Songs from the Crystal Cave reviewed


Hey kids, you know the actor Steven Seagal right?  He's the guy who broke somebody's neck in various movies that are usually three words long.  And he's done most of his neck-breaking while grossly overweight.  I even made a top 10 list of  my favorite Seagal movies right here but that should probably be updated but I digress.  The main point is that Steven Seagal also plays music!  And it's not neck-breakings cued up to sound like music but actual music...or more specifically, the blues!  And now here I am about to listen to his first album...and yes, by that I mean he's made more than one which we'll get to in a few weeks.  But for now, let's focus on Songs from the Crystal Cave!

1.  Girl It's Alright(***/****) -Well, from the opening it has a nice, easy-going guitar riff and some chicks singing about how it's alright.  Then Steven Seagal comes in and breaks your neck!  Alright, I'm lying he's singing and he's not that bad.  This is pretty much, a nice easy-going song to go along with it's riff where it's quite pleasant to listen to.    And that's the main word, pleasant.  Any bad moods I had just went away as Seagal used song to break any adversity's neck instead of his hands.

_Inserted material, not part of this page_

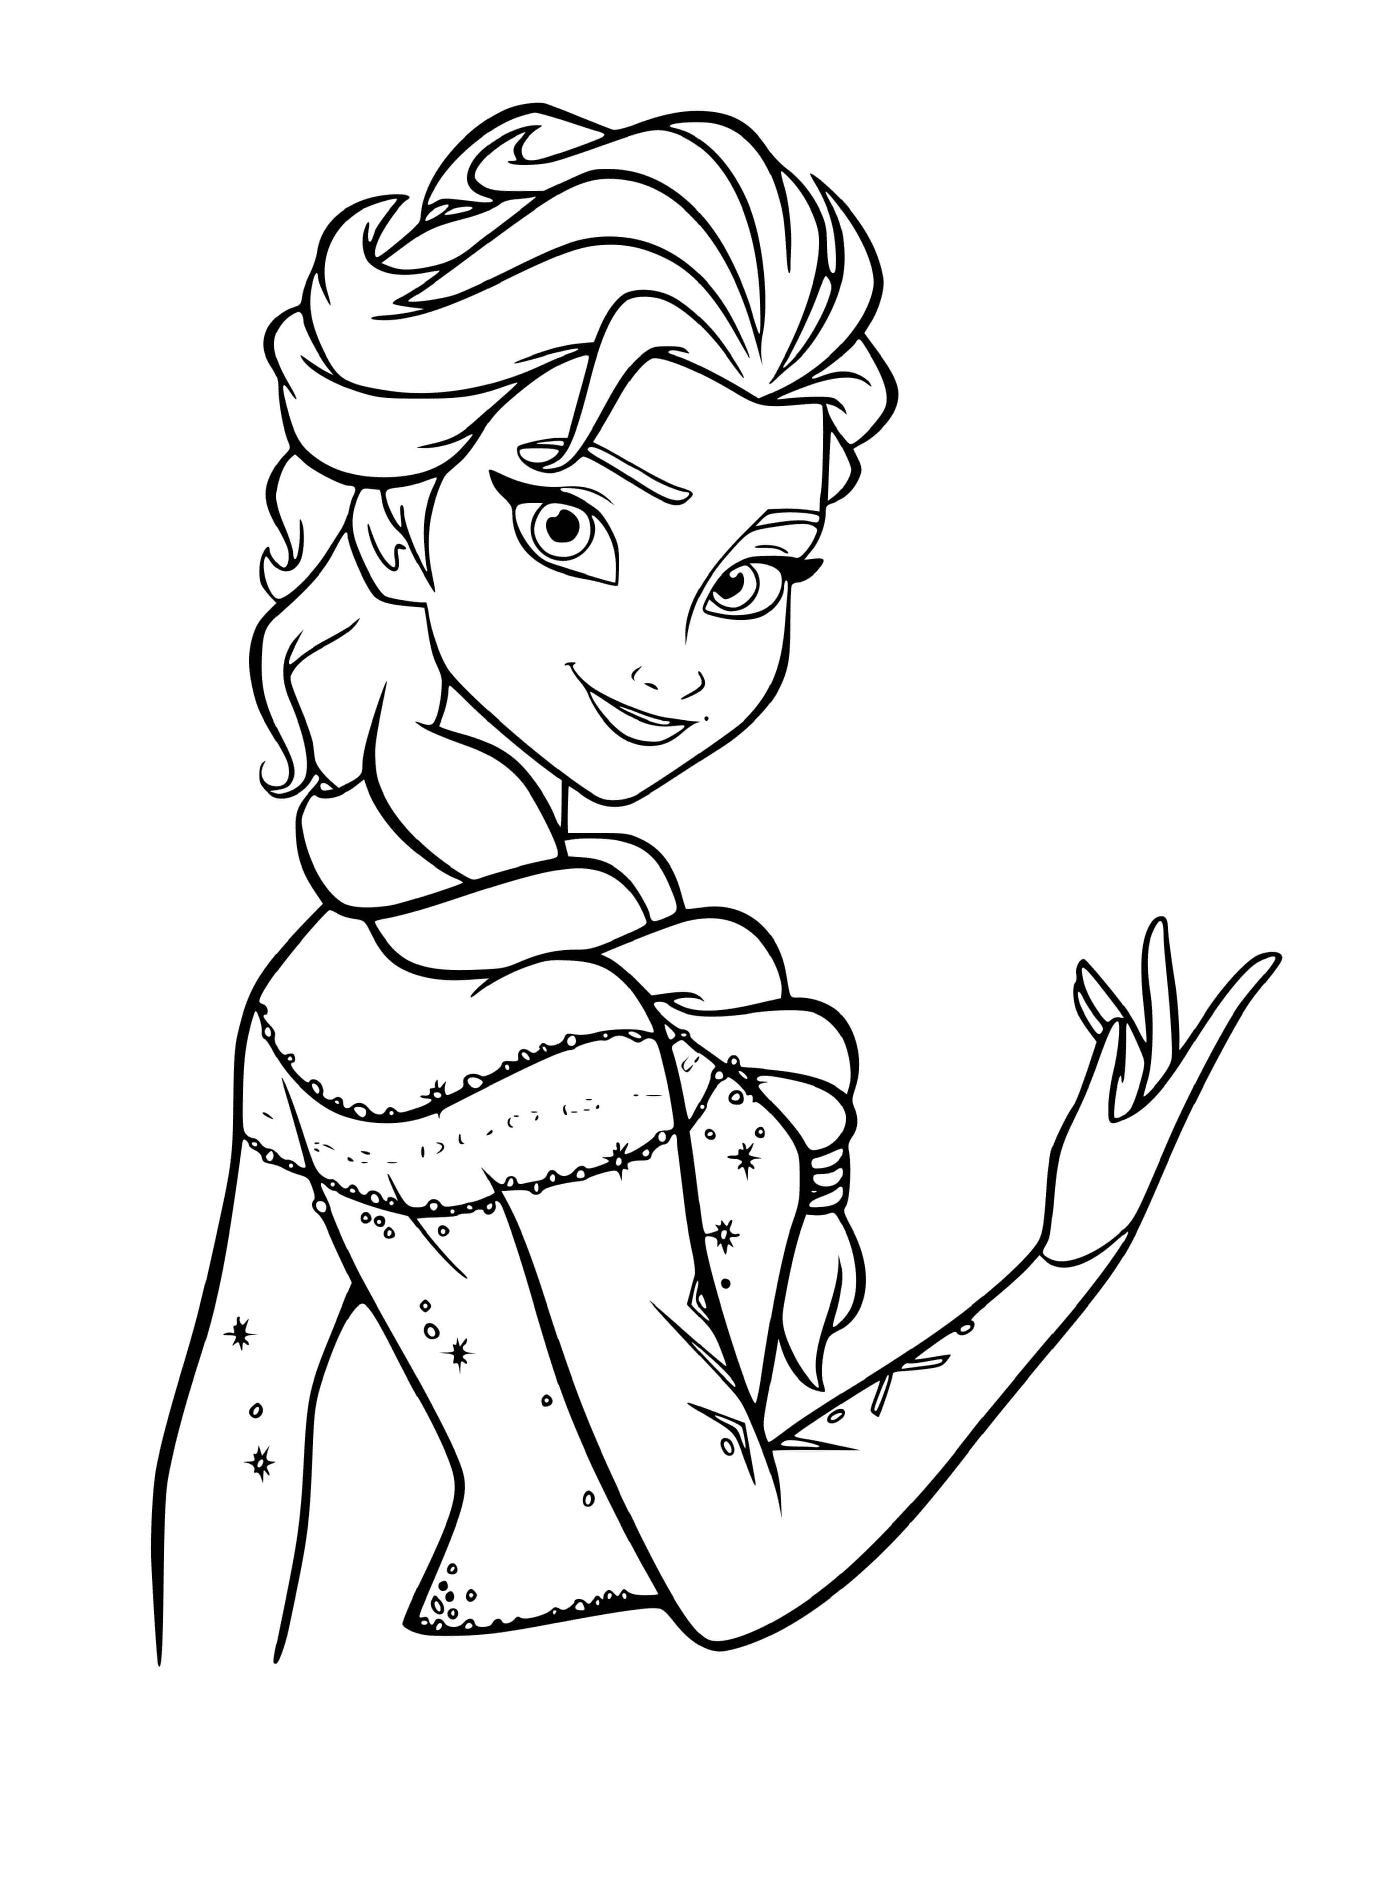  Elsa de la Reina de las Nieves 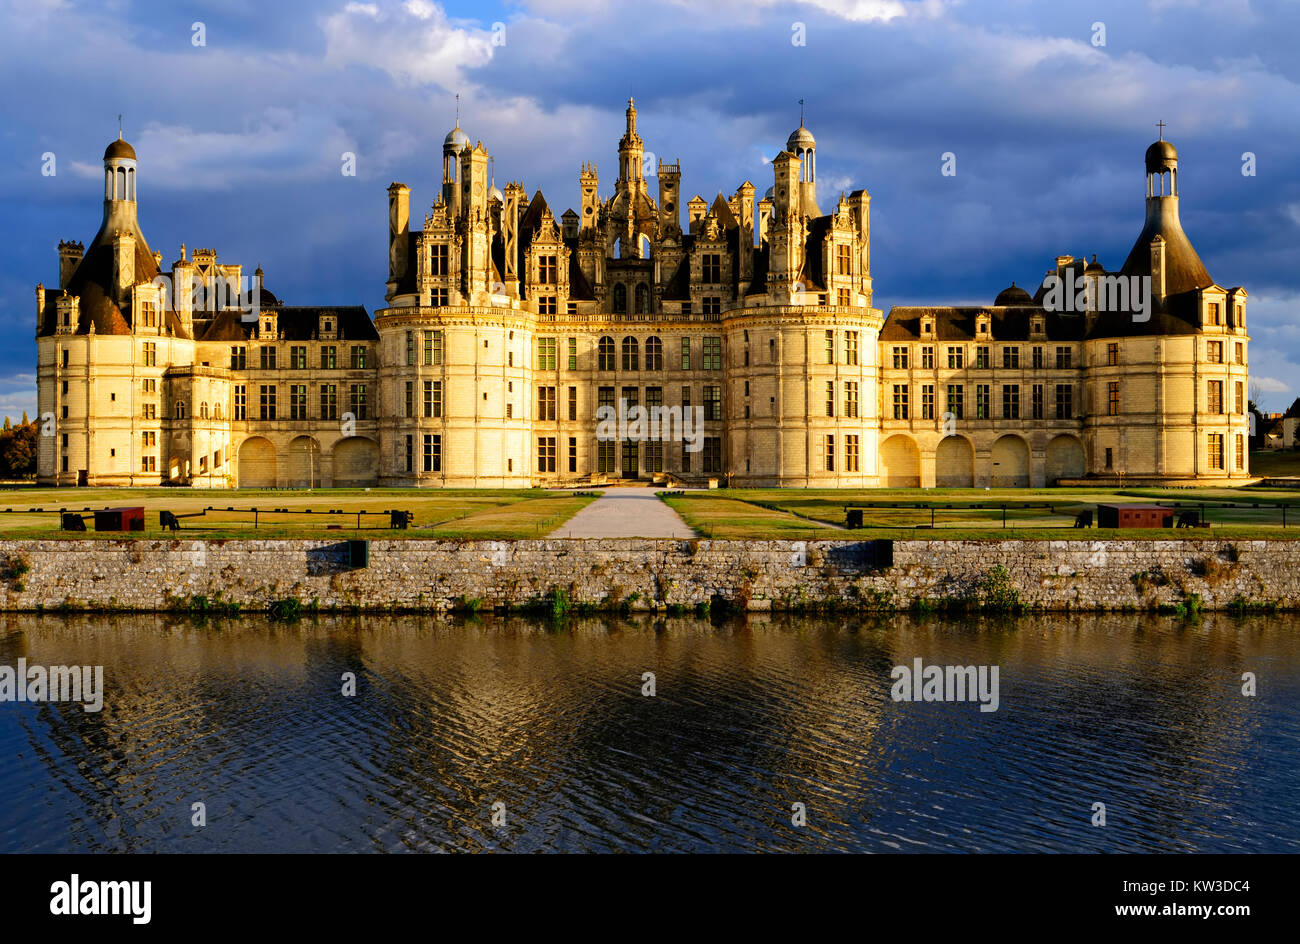 Chateau de Chambord - Castle of Chambord, Loire Valley, France Stock Photo

2.  Don't You Cry(***1/2/****) -You guys remember On Deadly Ground right?  That movie in which Steven Seagal directed about breaking necks while protecting the environment?  Yeah, it totally sucks despite some laughable moments of awesome but the message was there about the environment and how it should totally be protected before Al Gore went insane and did it himself.  What does this have to do with this song, it's about the environment disguised as a love song!  He sings about living in the oceans and skies and ask how we share this common space?  And yet, this song soars with great musicianship and amazing backup vocals that makes the listener feel like flying.  However, Seagal's vocals aren't up to scratch here and his voice seems to be cracking when he goes really high.  But aside that, it's just a really well-made pop song.

3.  Music(**/****) -This song has a great twangy, bluesy guitar riff...and that's awesome since this song gets by until something so horribly goes wrong I had to deduct half a star for its horribleness!  But I'm getting ahead of myself a bit.  The problem is already evident in that it's really about nothing but music is awesome.  There's obvious fun in this but that fun never quite reaches the listener.  The lyrics are insipid and forgettable, the back-up vocals are annoying and Seagal's voice just flat-out breaks.  None of this gets in the way of the awesome guitar riff but then the horrible thing happened...RAPPING!  No, don't be alarmed, it's not Seagal rapping for that would be awesome.  It's just some guy I don't know and since I have the album without real liner notes, I never will.  Anyways, he's loud, he's obnoxious and I just wanted to Seagal to break his neck so he could take over...also, the guitar riff goes away completely during the rap.  It was never going to be a good song without the rap, but it was going to be fun...not anymore.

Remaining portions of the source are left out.